A raça Beagle bombou na mídia convencionou e na Internet. Foi assunto da semana passada desde a invasão ao laboratório do Instituto Royal, em São Roque (SP). O incidente provocou uma Beaglemania, ocupou horas em reportagens na televisão, no rádio e em portais de notícia, virou capa de revistas semanais, incentivou posts diversos na mídia social e acabou valorizando a raça, que chegou a triplicar de preço em muitos mercados, em poucos dias. Uma simples busca hoje no Google com o nome da raça gera quase 25 milhões de resultados em fração de segundo.

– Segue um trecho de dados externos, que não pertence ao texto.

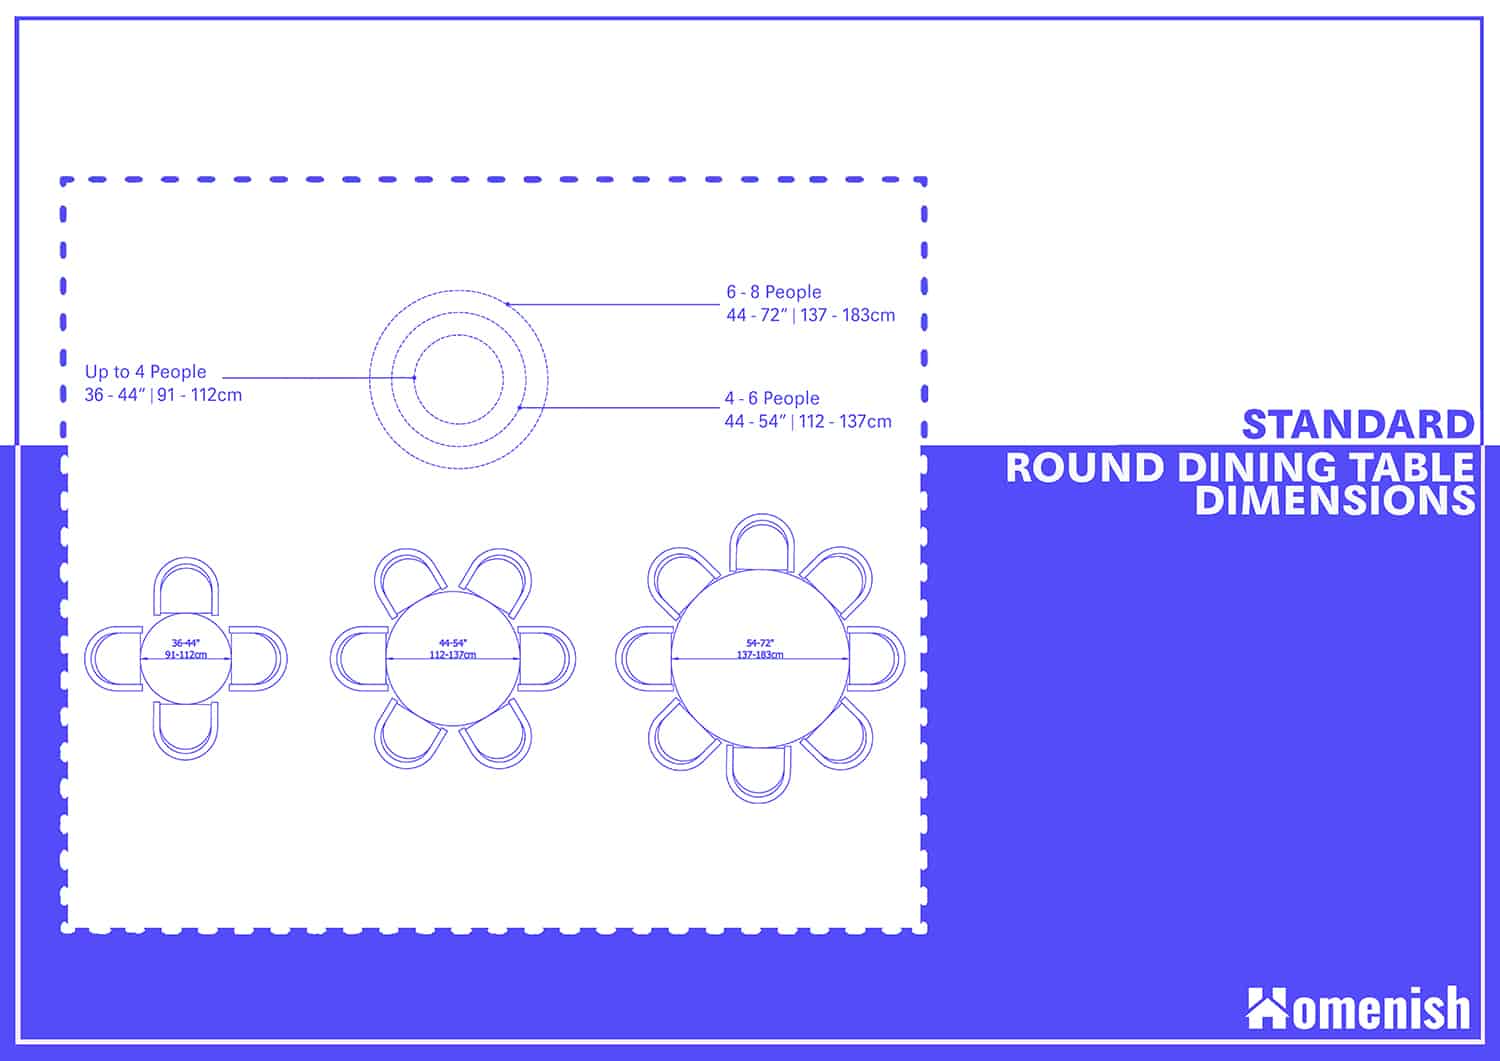 Standard Round Dining Table Dimensions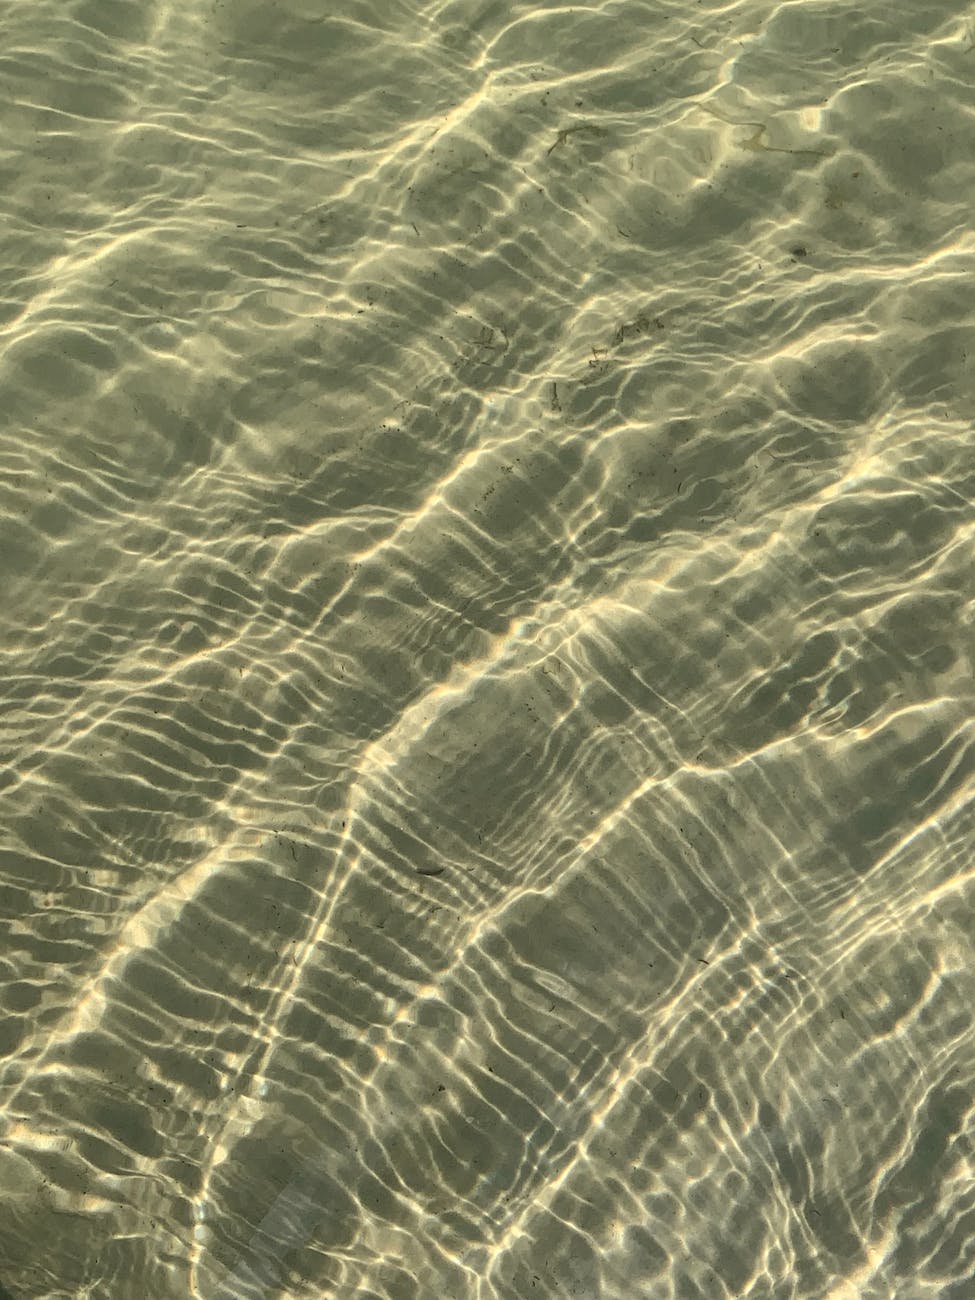 rippling water reflecting the sun

Esta história toda, que levou jornalistas a se enveredarem pelo drama dos cachorrinhos e pelas discussões éticas em torno de pesquisas com os animais me fez recordar famosos textos da literatura brasileira, alguns relacionados a simples vira-latas que se tornaram inesquecíveis. Se você se emocionou com o drama dos Beagles, aqui vai uma listinha com sugestão de leitura de contos, crônicas e trechos de romance com algumas histórias emocionantes sobre cachorros. Para mim, uma das melhores é o drama de Baleia, que integra o romance "Vida Secas", de Graciliano Ramos, transformado em filme pela genialidade do cineasta Nelson Pereira dos Santos, em 1963 (foto acima):
Amigo Cachorro, de Belmiro Braga
Mila e Rua Mila, de Carlos Heitor Cony
Tentação, de Clarice Lispector
Perigo, de Domingos Pellegrini
Baleia, de Graciliano Ramos
Pingo-de-ouro, de Guimarães Rosa
Veludo, de Luiz Guimarães
Biruta, de Lygia Fagundes Telles
Plutão, de Olavo Bilac
Madrugada, de Orígenes Lessa
Bruno Lichtenstein, de Rubem Braga
Se você conhece algum outro texto e quiser colaborar com a lista anterior, é só fazer o comentário abaixo deste post.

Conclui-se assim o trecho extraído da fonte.